Planyt Shark Tank India Episode Review
Planyt appeared on Shark Tank India Season 5, Episode 4, with founder Shubham Upadhyay seeking ₹1.05 Crore for 6.5% equity (₹16.15 Crore valuation). The pitch ended with no deal and became one of the harshest rejections, with Anupam Mittal calling him “delusional” and asking “Tujhe sharam nahi aayi?” (Have you no shame?).
Planyt offers indoor plant growth systems using patented “fogponics” technology founded by 28-year-old Shubham Upadhyay from Vadodara in 2021. Despite operating for four years, the company remains pre-revenue with only 80-100 discounted units sold.

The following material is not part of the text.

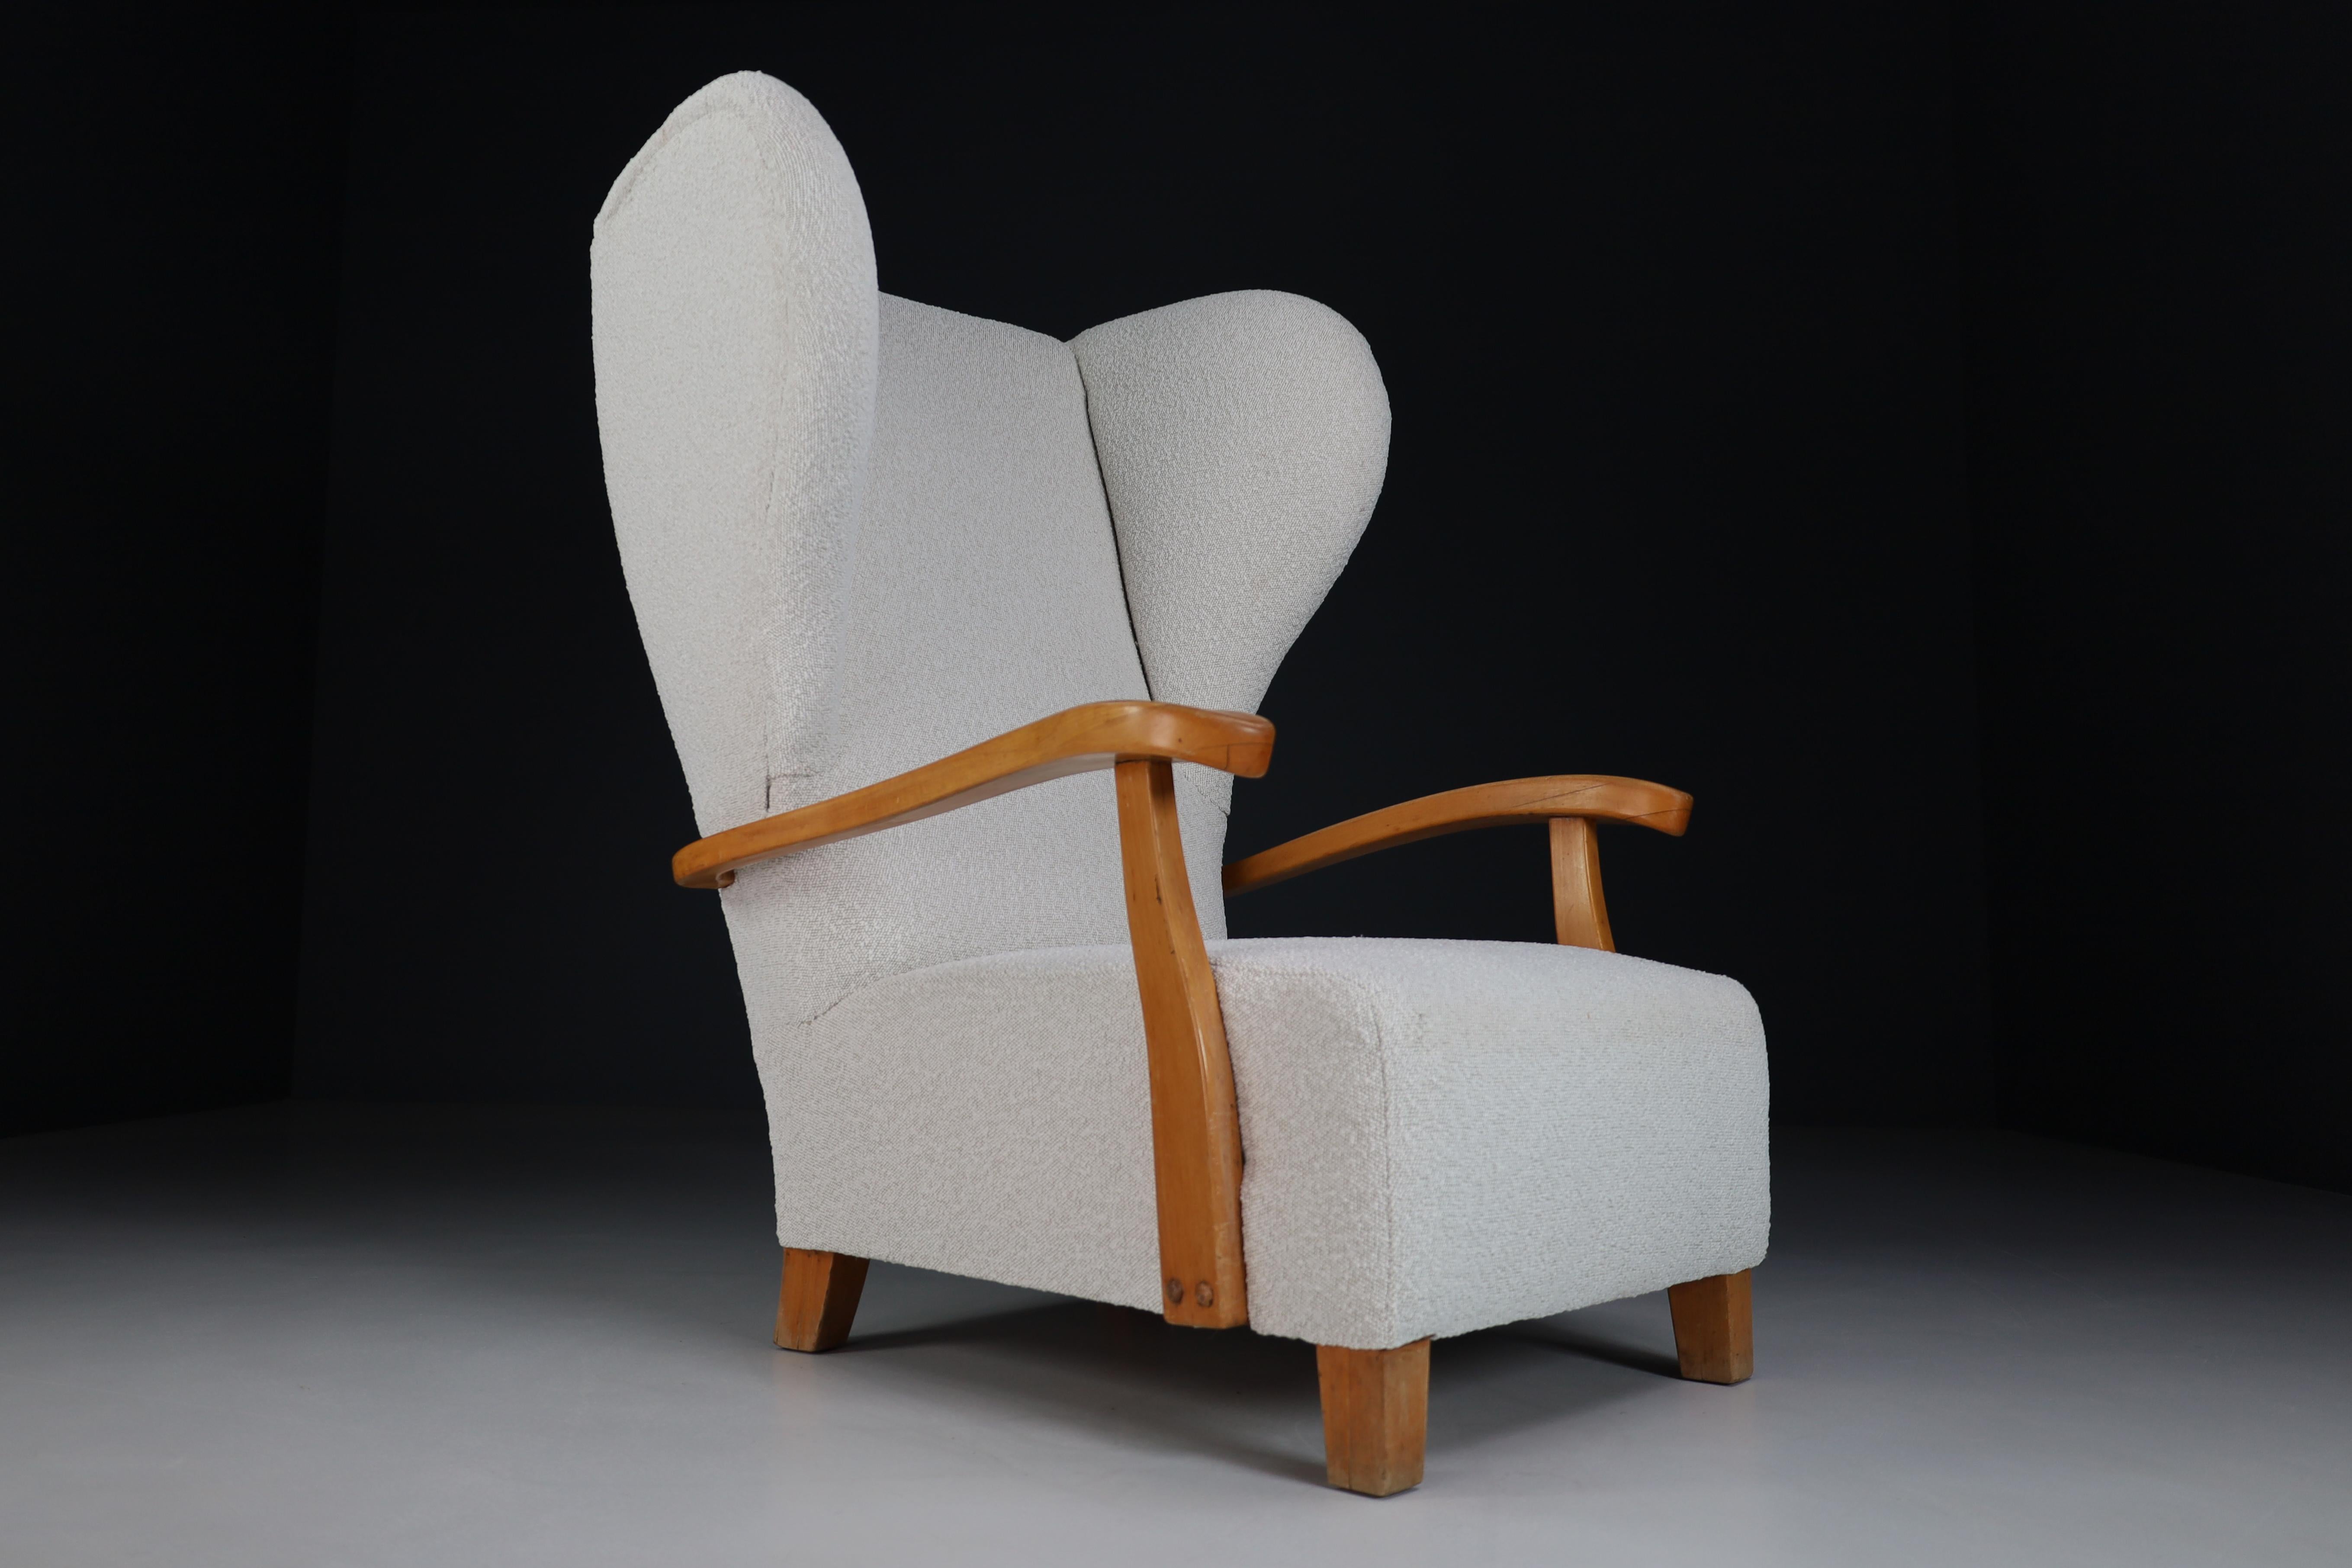 Large monumental midcentury wingback armchair in walnut and re-upholstered bouclé fabric, France 1930s. This monumental Xl size armchair - lounge chair would make an eye-catching addition to any interior such as living room, family room, screening

The Sharks reacted furiously when Shubham claimed NASA “made” the technology while he only “perfected” it, and called a ₹10 lakh government grant “heavy funding.” Aman Gupta dismissed it as a “useless machine,” refusing to invest even for 50% at ₹1. With a ₹7.5 lakh family setup cost requiring 24/7 electricity, the product targets wealthy households despite Shubham’s claim to “end world hunger.” Namita advised shutting down the business entirely.
Website Information
- Website:- Planyt
- Build on JavaScript frameworks React Router 6 React
- Poor SEO Performance, SEO Improvement Needed.

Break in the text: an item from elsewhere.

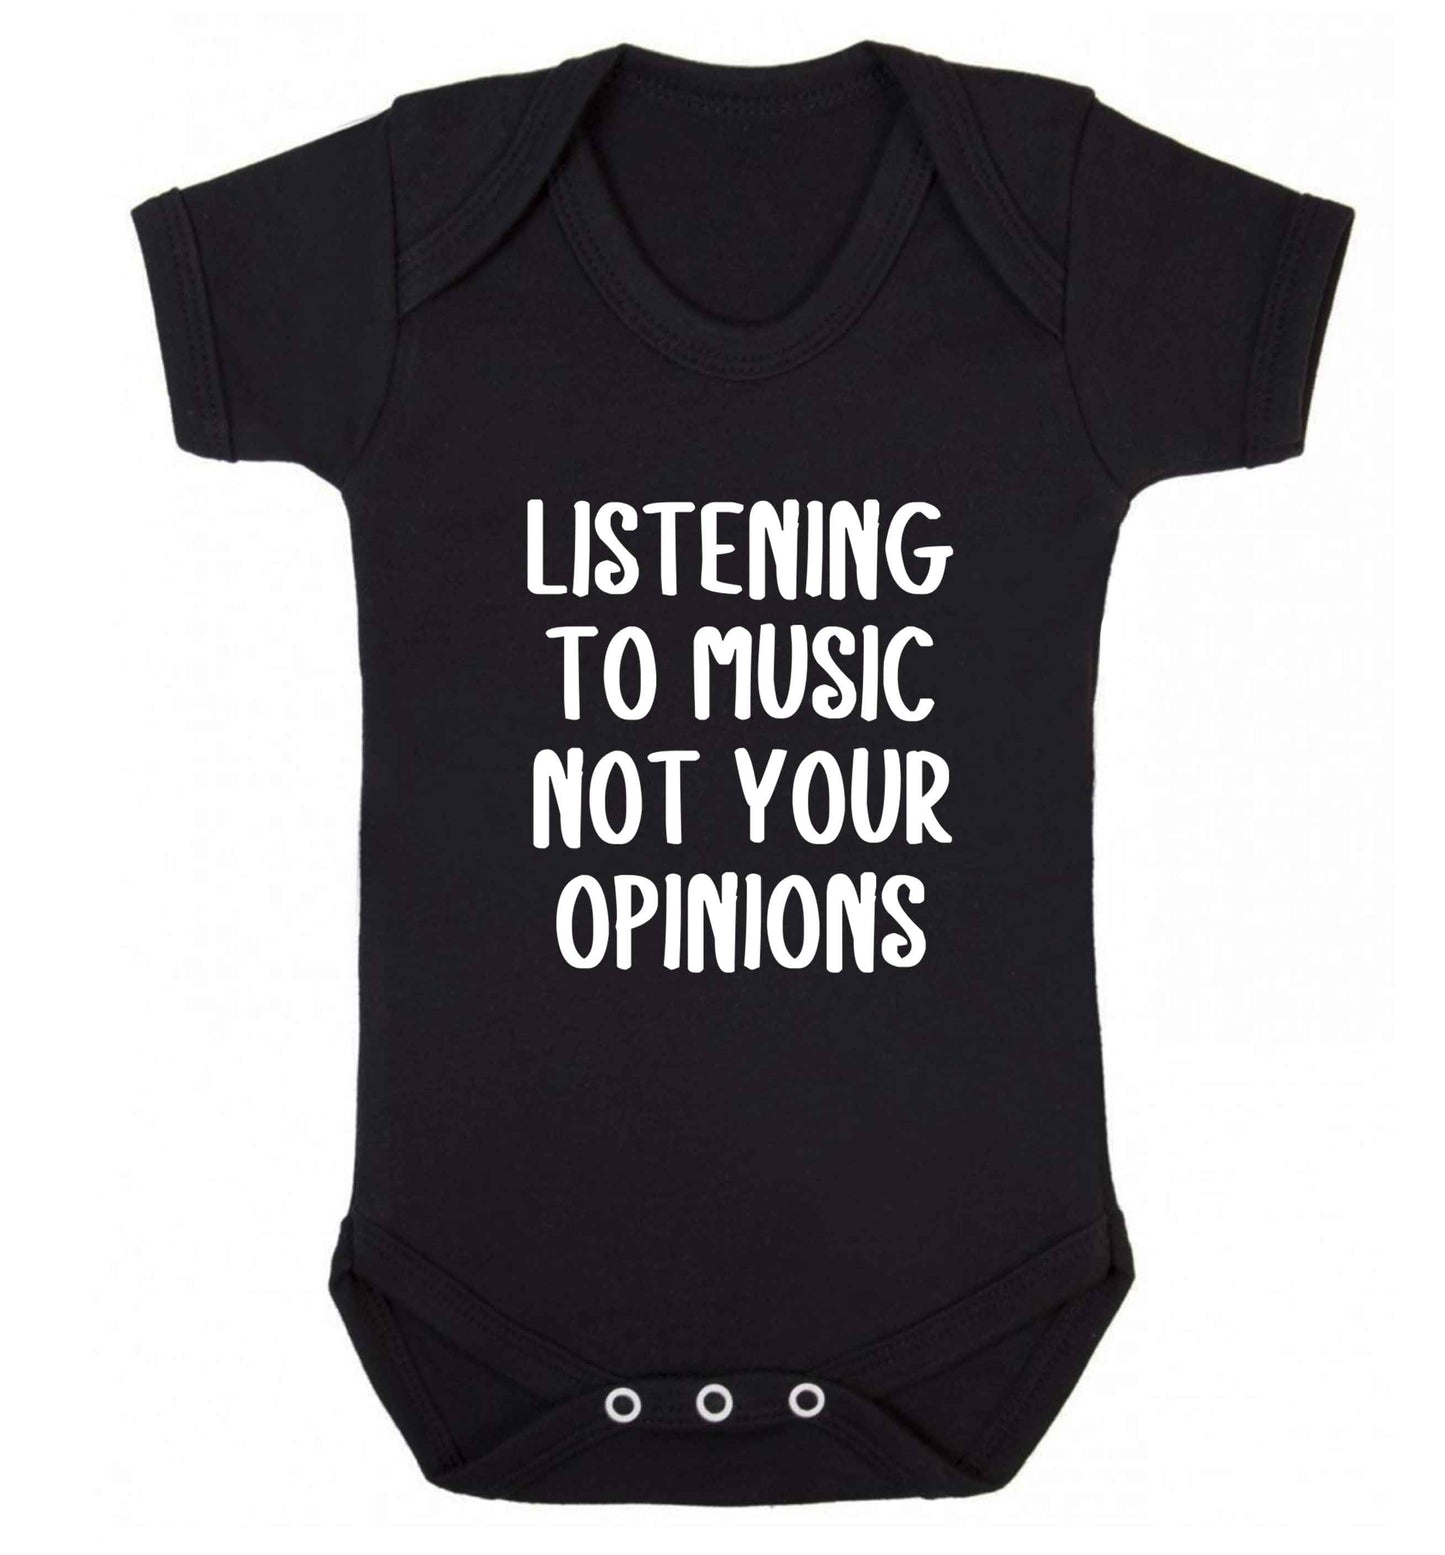 Listening to music not your opinions baby vest black 18-24 months

- ORGANIC TRAFFIC: 0 visitor per month.
The Founder
- Name: Shubham Upadhyay.
- Background: A 28-year-old entrepreneur from Vadodara.
- Career History: Interestingly, Shubham revealed that he has never held a traditional job, having focused on his business since 2021.

Brand Overview
- Brand Name: Planyt
- Core Concept: The company focuses on indoor plant growth systems using advanced agricultural technology.
- Inception: The business has been operational since 2021, though it remains in a “pre-revenue” stage despite selling limited units at a discount over the last four years.
Shark Tank India Appearance & Ask
- Sharks Present: Namita Thapar, Anupam Mittal, Aman Gupta, Amit Jain, and Ritesh Agarwal.
- Ask: Rs 1.05 crore for 6.5% equity.
- Valuation: The entrepreneur valued the company at Rs 16.15 crore.
Season and Episode Air Date
- Season: 05
- Episode: 04
- Episode Air Date: Thursday, 08 January 2026
Product Overview
- Technology: The device utilizes a patented “fogponics” technology.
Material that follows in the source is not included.